Time-Series-Forecasting

Abstract— The rise of the Internet of Things (IoT) devices and the streaming platform has tremendously increased the data in motion or streaming data. It incorporates a wide variety of data, for example, social media posts, online gamers in-game activities, mobile or web application logs, online e-commerce transactions, financial trading, or geospatial services. Accurate and efficient forecasting based on real-time data is a critical part of the operation in areas like energy & utility consumption, healthcare, industrial production, supply chain, weather forecasting, financial trading, agriculture, etc. Statistical time series forecasting methods like Autoregression (AR), Auto- Regressive moving average (ARIMA), and Vector Autoregression (VAR), face the challenge of concept drift in the streaming data, i.e., the properties of the stream may change over time.
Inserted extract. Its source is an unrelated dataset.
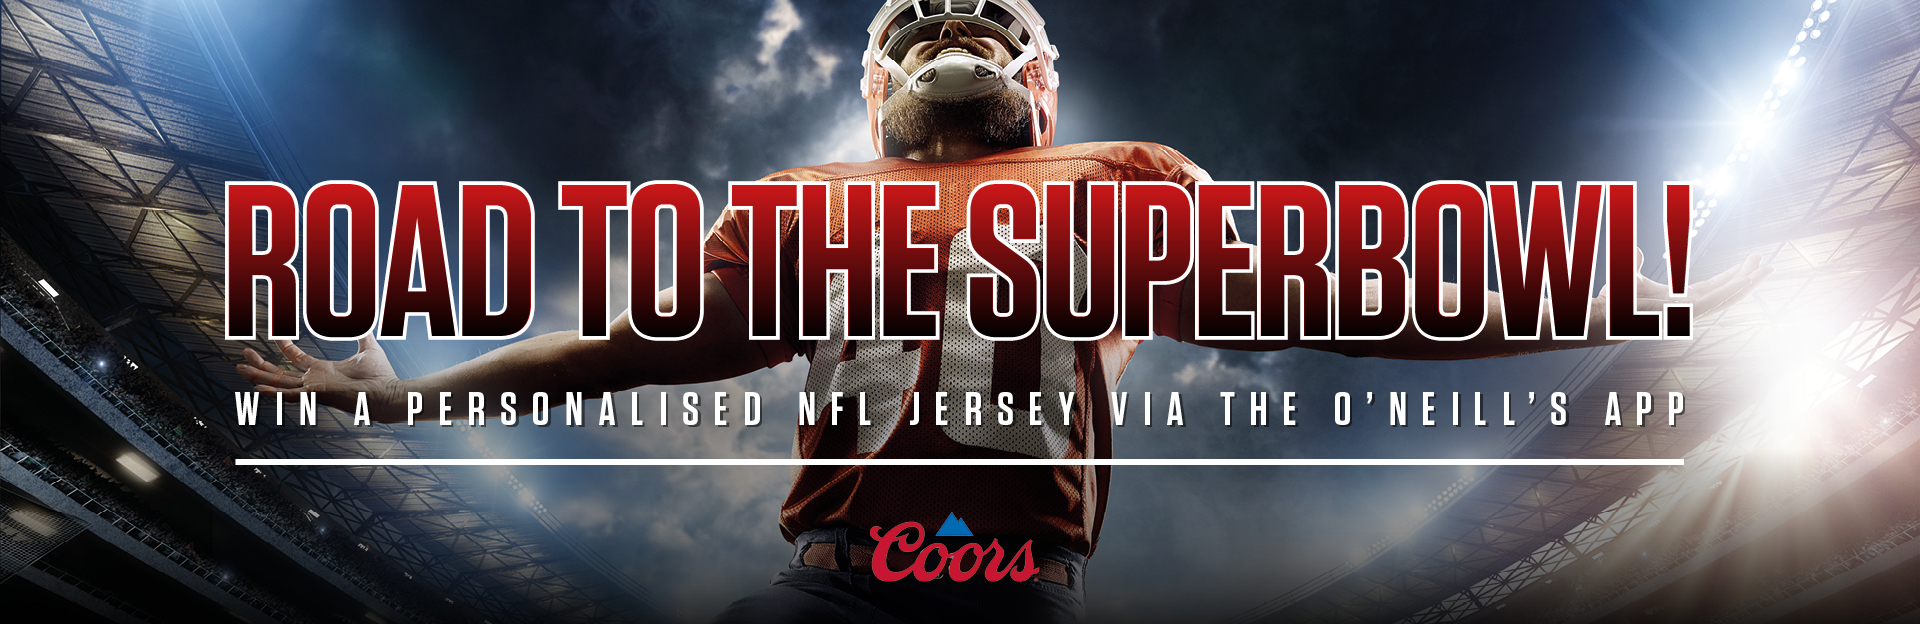 Watch NFL at The George Inn

The other challenge is the efficiency of the system to update the Machine Learning (ML) models which are based on these algorithms to tackle the concept drift. In this paper, we propose a novel framework to tackle both of these challenges. The challenge of adaptability is addressed by applying the Lambda architecture to forecast future state based on three approaches simultaneously: batch (historic) data-based prediction, streaming (real-time) data-based prediction, and hybrid prediction by combining the first two. To address the challenge of efficiency, we implement a distributed V AR algorithm on top of the Apache Spark big data platform. To evaluate our framework, we conducted experiments on streaming time series forecasting with three types of data sets of experiments: data without drift, data with gradual drift, data with abrupt drift. The experiments show the differences of our three forecasting approaches in terms of accuracy and adaptability.

Our Architecture

alt text

Content Description

Directory Content
jars contains required jarfiles for Apache Kafka
lambda code all the layers in lambda architecture and custom VAR
models saved VAR models
source contains data with normal, abrupt and gradual drift
streaming code to generate data streams
train code to train the model for batch layer

Pre-requistes

  • Apache Kafka 2.11 or above
  • Python 3.6 or above
  • Pyspark 2.4 or above

Publication

If you make use of this code in your own work, please cite our paper:

Arjun Pandya, Oluwatobiloba Odunsi, Chen Liu, Alfredo Cuzzocrea, Jianwu Wang. Adaptive and Efficient Streaming Time Series Forecasting with Lambda Architecture and Spark. In Proceedings of the 2020 IEEE International Conference on Big Data (BigData 2020), pages 5182-5190, IEEE, 2020.